Island In The Storm

She was a puzzle with missing pieces. She could not be whole.

And I was battle-worn and baffled. The anticipation of being with her, so long the fodder for giddy thoughts and foolish imagination began to fade, like a dying ember grudgingly surrendering its light. I would try no more to de-code this oddity. Whoever she was, she was unchangeable.

I wanted to be empty of all thoughts of her and to make peace with my troubled conscience. “Try a little harder, pray for patience, make brighter the light” – the ruminations to be shunned. Enough was enough and I vowed to be pestered no longer by determined remnants of second thoughts.

But when the heart has lost its warmth, the mind is left to entertain the emptiness. My thoughts swirled like the twister gaining strength with each rotation. I poked and prodded at each separate notion searching for clues that might account for this lunacy.

Perhaps my dogged willingness to be rebuffed came from knowing there is no medal taken in defeat. Even so, I worried I was compromising my self-respect.
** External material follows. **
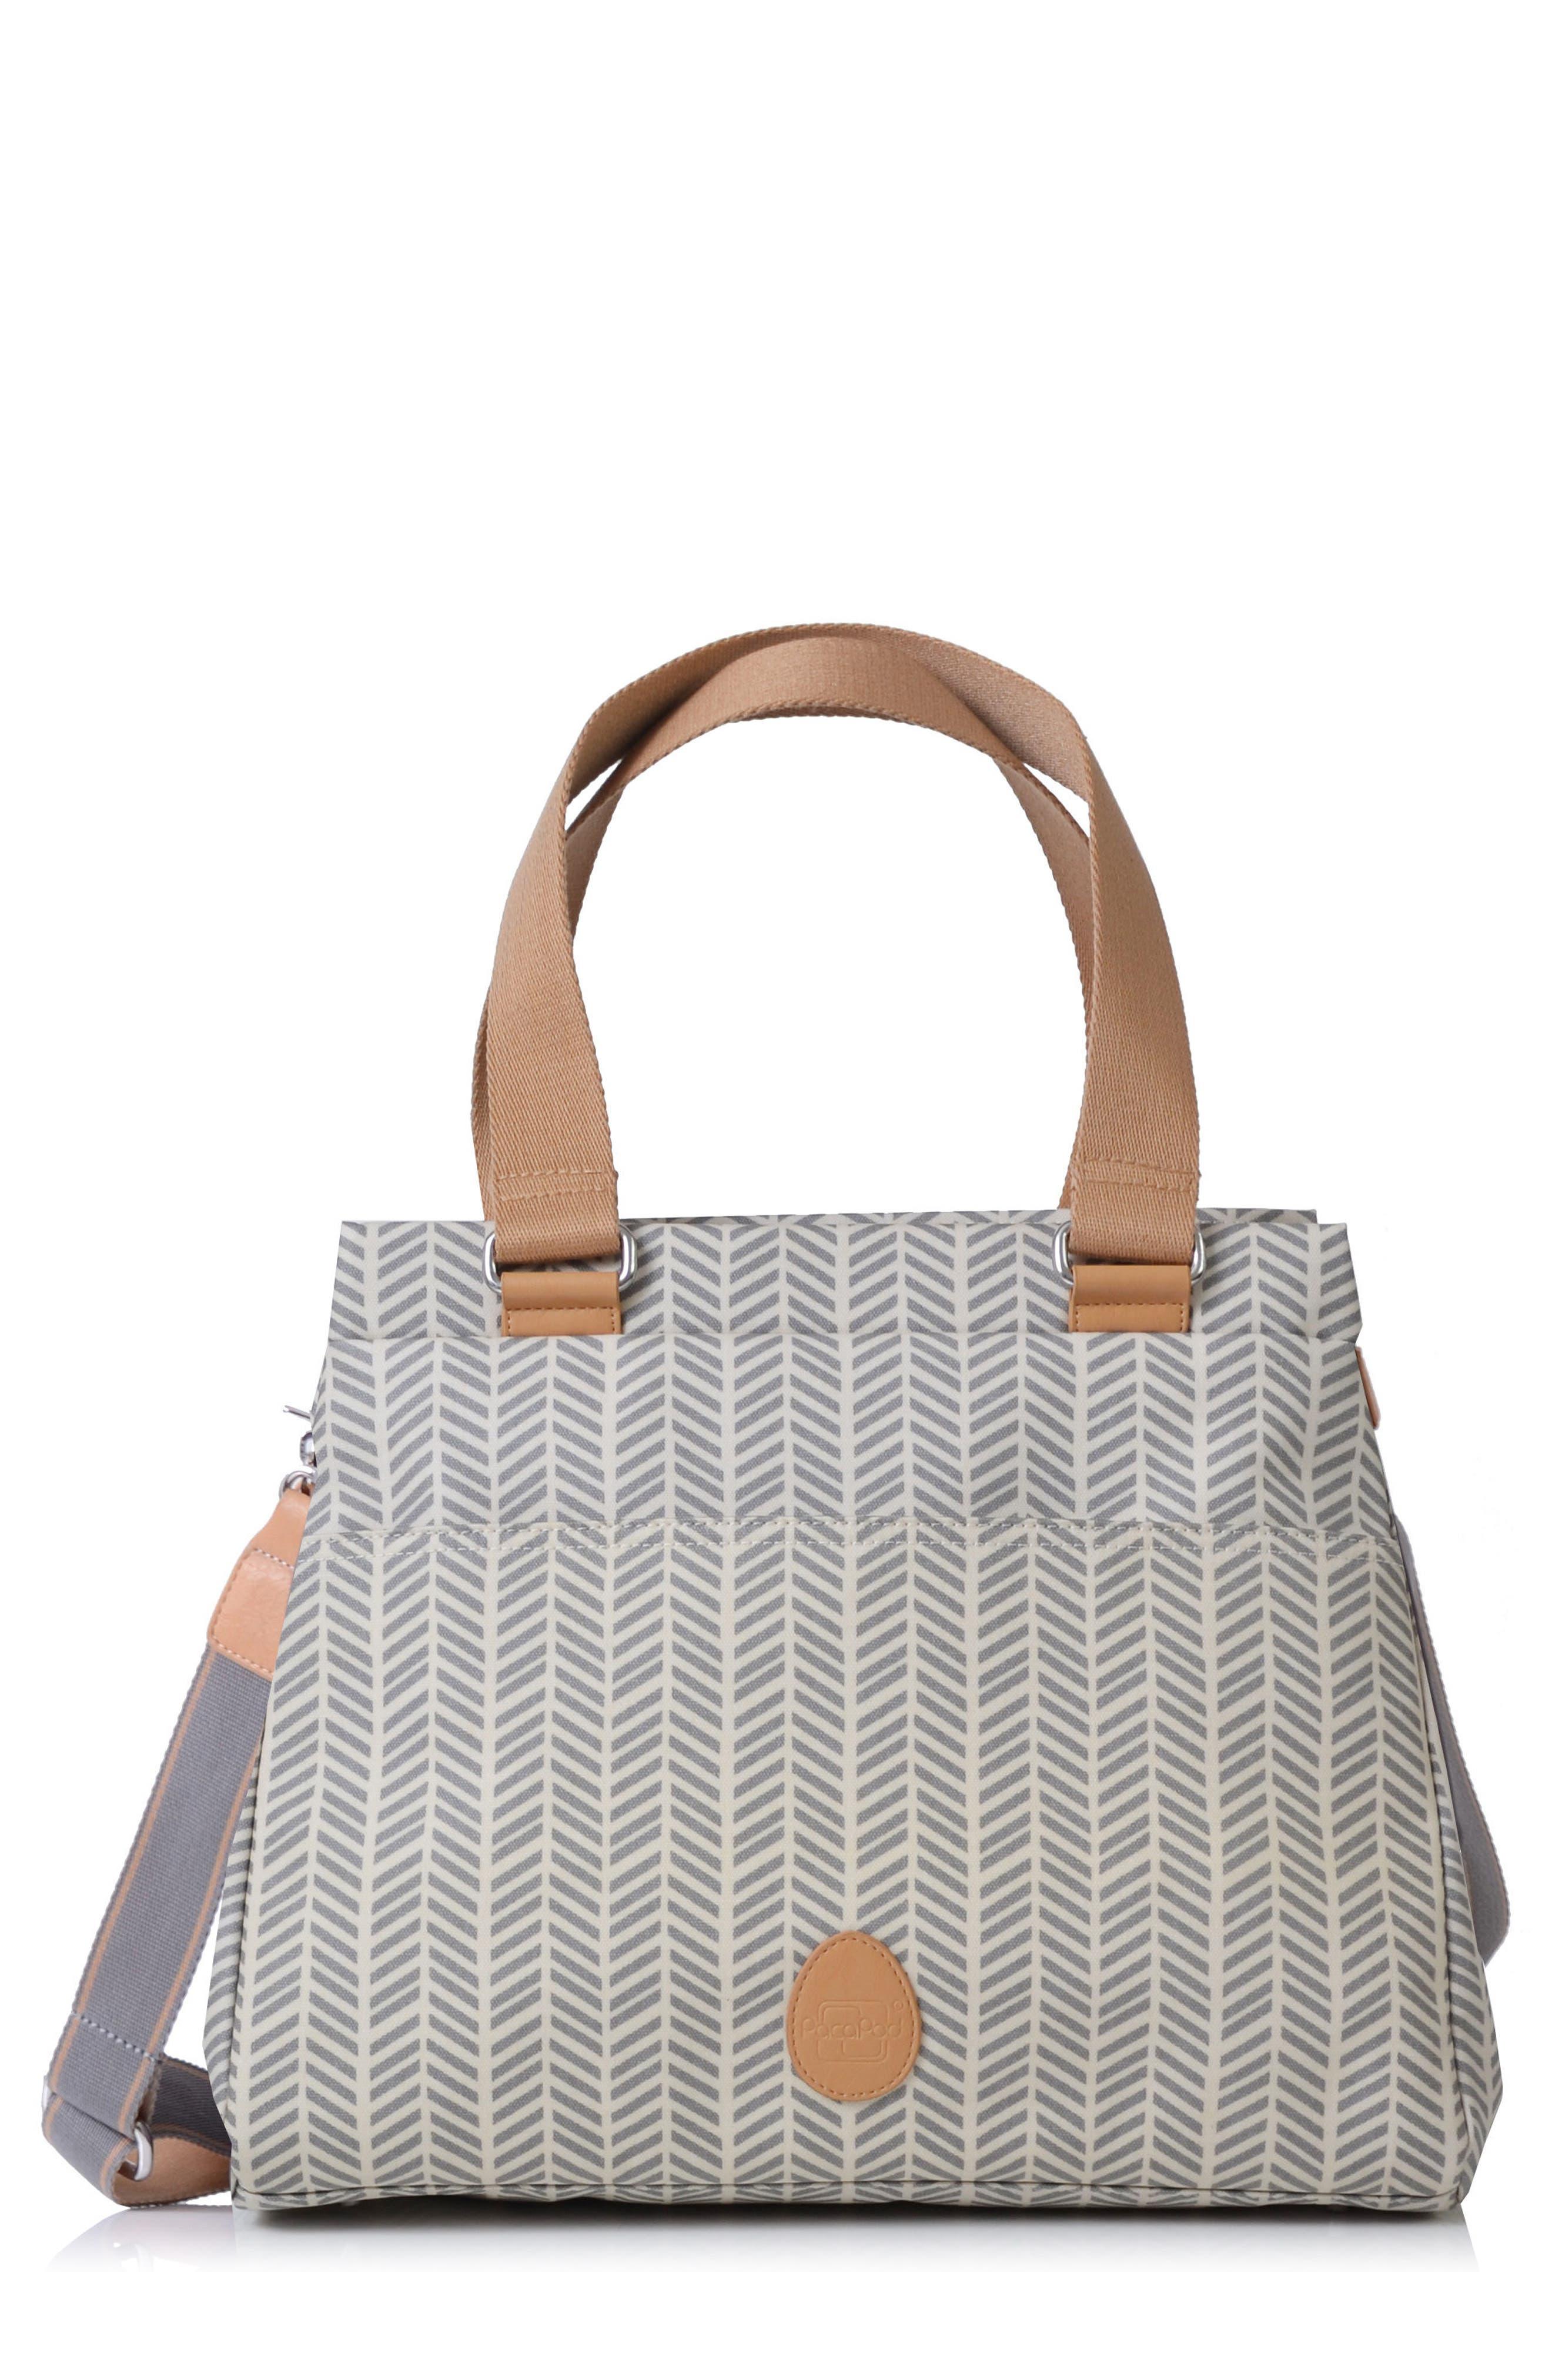 Main Image - PacaPod 'Richmond' Diaper Bag

But would it be without virtue if there was a prize taken in the end?

Still, petals of doubts, like currents in a stream swirled one way, caught an errant breeze and turned another. What must this be? What was I really after? Was I being selfish at her expense?

And then amidst it all there was the most sobering reality: Determination to succeed is not always a noble motivation. “Forget her! Let her find her own way,” I worked at convincing myself.

For weeks, I tried to abandon thoughts of her and to bury all related troubles. I knew time would bring refuge from the turmoil and eventually my mind would quiet. I put new energy into my writing, so often a welcome diversion from nagging thoughts.

I answered old messages from friends, immersed myself in reading, sampled a new wine and grappled to replace old thoughts with new. This was the right course.   I felt an easiness that comes when the compass finally points true north.

After a while my conscience returned. Free of uncertainty, it steered me toward the truth: I would be the one who could free her from her fears. She could find hope again. I was sure of it. It is the assurance gained surviving the cuts from the jagged edges of harsh experiences. Wavering in her social commitments and the game playing were all symptoms, grainy brush strokes that painted a portrait of mistreatment. It was palpable.

And the more so to me.  It may be that time palliates the pain that penetrates the psyche. But lingering memories take refuge in deep recesses of the mind and linger there to tease the human faculties.

Forgetting is futile. Like the starving orphan who saves scraps of every precious meal fearing the time when there is no food, her propensities toward isolation were finely honed, born of unrelenting neglect. She knew little joy. Life had taught her that she deserved no more.Pelted by stones of lasting despair and fading hopefulness, her spirit beat only the faintest pulse. And the spirit once robbed of hope, shreds the will and casts the pieces shamelessly to the wind.

If I walked away, she would be left to linger in despair and sameness. And left alone, she could not know what I knew.